PATROL BASE SHARK, Helmand province, Islamic Republic of Afghanistan. Image: US Marines/ISAF/Wikimedia
The Taliban earns up to four hundred million dollars a year from growing opium—funds often directed toward attacking US soldiers. In fact, Afghanistan has come to produce 90 percent of the world's opium to date.
Back in the 1970s, an American law enforcement agency found itself waging a controversial counternarcotics campaign, not only the US, but also the Greater Middle East. To this day, the Drug Enforcement Administration participates in an $8.5 billion crusade against the Golden Crescent's largest drug cartel. But between ongoing violence, corruption, and CIA activities, these efforts have been rocky, to say the least.

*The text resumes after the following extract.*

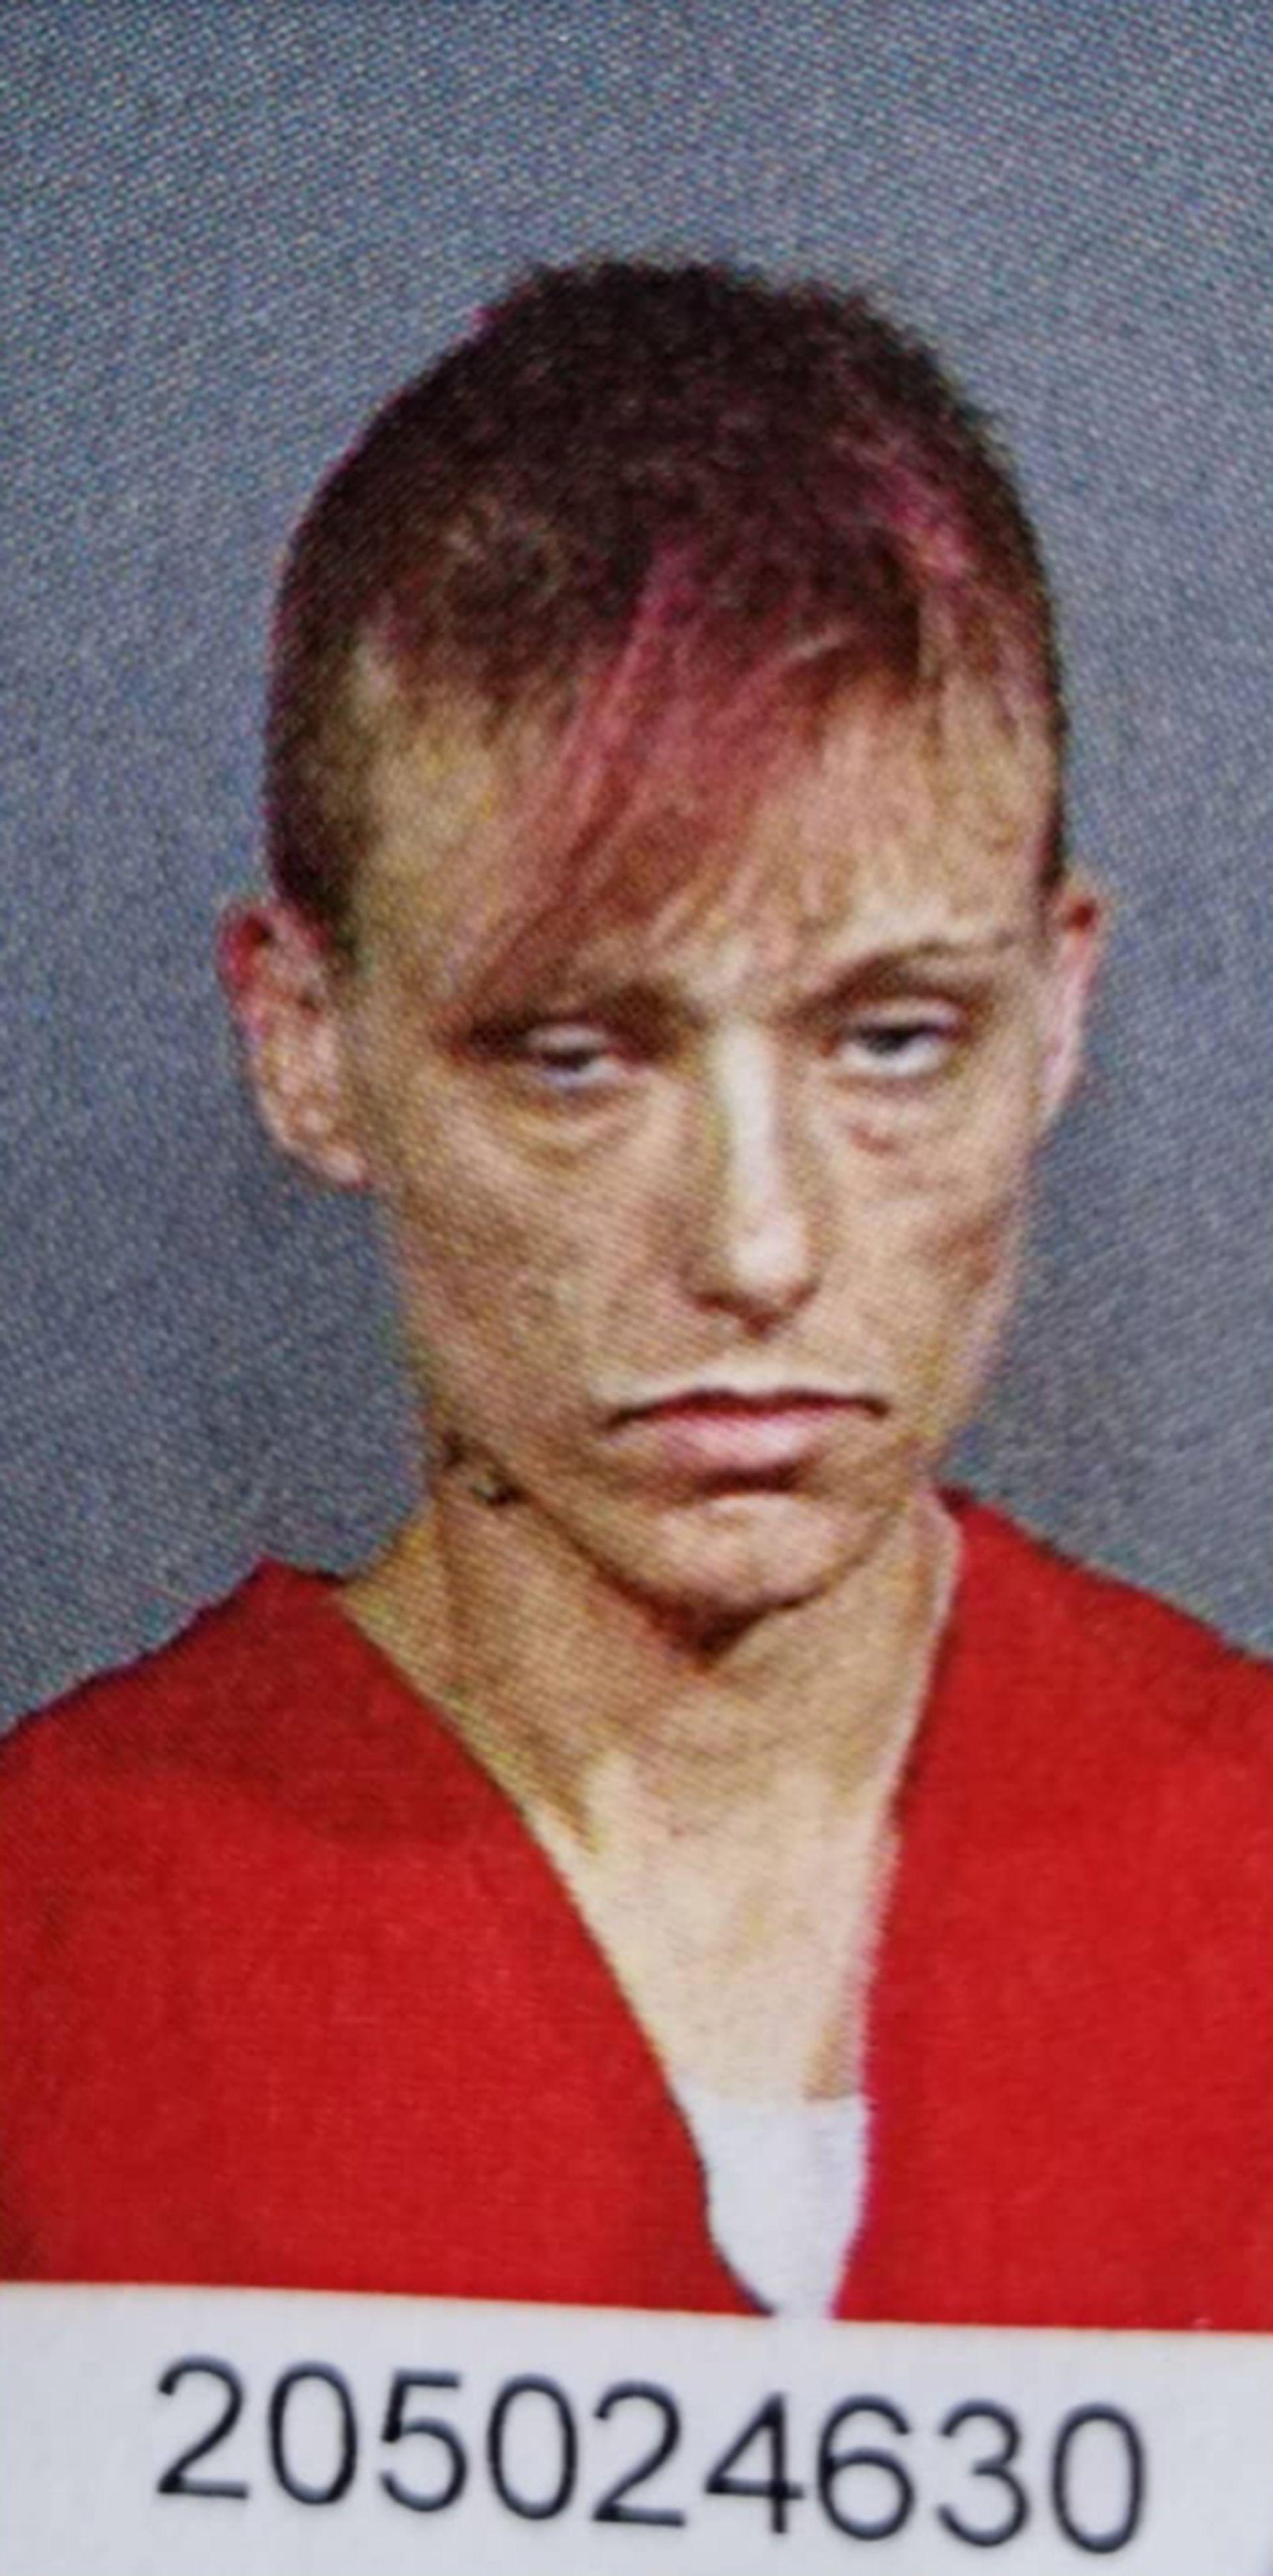 美女子6岁吸大麻 40岁发奋戒毒还从名校毕业 对比照疯传

The War on Drugs Goes to Afghanistan
Back in 1973, President Daud Khan sought to modernize the Republic of Afghanistan by cooperating with the Soviet Union and the US. This cooperation included counternarcotics programs spearheaded by the United Nations. When the UN established several Afghan-staffed anti-smuggling offices, Daud's government requested the addition of a DEA liaison, Special Agent Micheal Hurley, to help contain drug trafficking.
"During the early 1970s, concern for Afghanistan's emerging opium production, which was finding its way through Iran and into Eastern Turkey, was on the agenda of the drug suppression communities in the Western world," Hurley told me. "With the drying up of morphine base supplies to the French Connection, intelligence indicated that heroin labs were being established in Eastern Turkey. The source of the raw opium for those labs was reported to be Iran and Afghanistan.
Back then, Hurley's work seemed routine: stopping American aid from benefitting the illegal drug trade in Afghanistan and training local law enforcement agencies to counter it. The DEA's mission in the country ended, however, when the local communist party overthrew Daud before expelling the DEA from the country. A year later, the Soviets sent thousands of soldiers to maintain their struggling puppet state.
The DEA refocused its resources on the Western Hemisphere, where drugs were flowing through Mexico into the US. Meanwhile, the Central Intelligence Agency became synonymous with the US's 1980s Afghan policy, micromanaging American support to anticommunist rebels, the Mujahideen.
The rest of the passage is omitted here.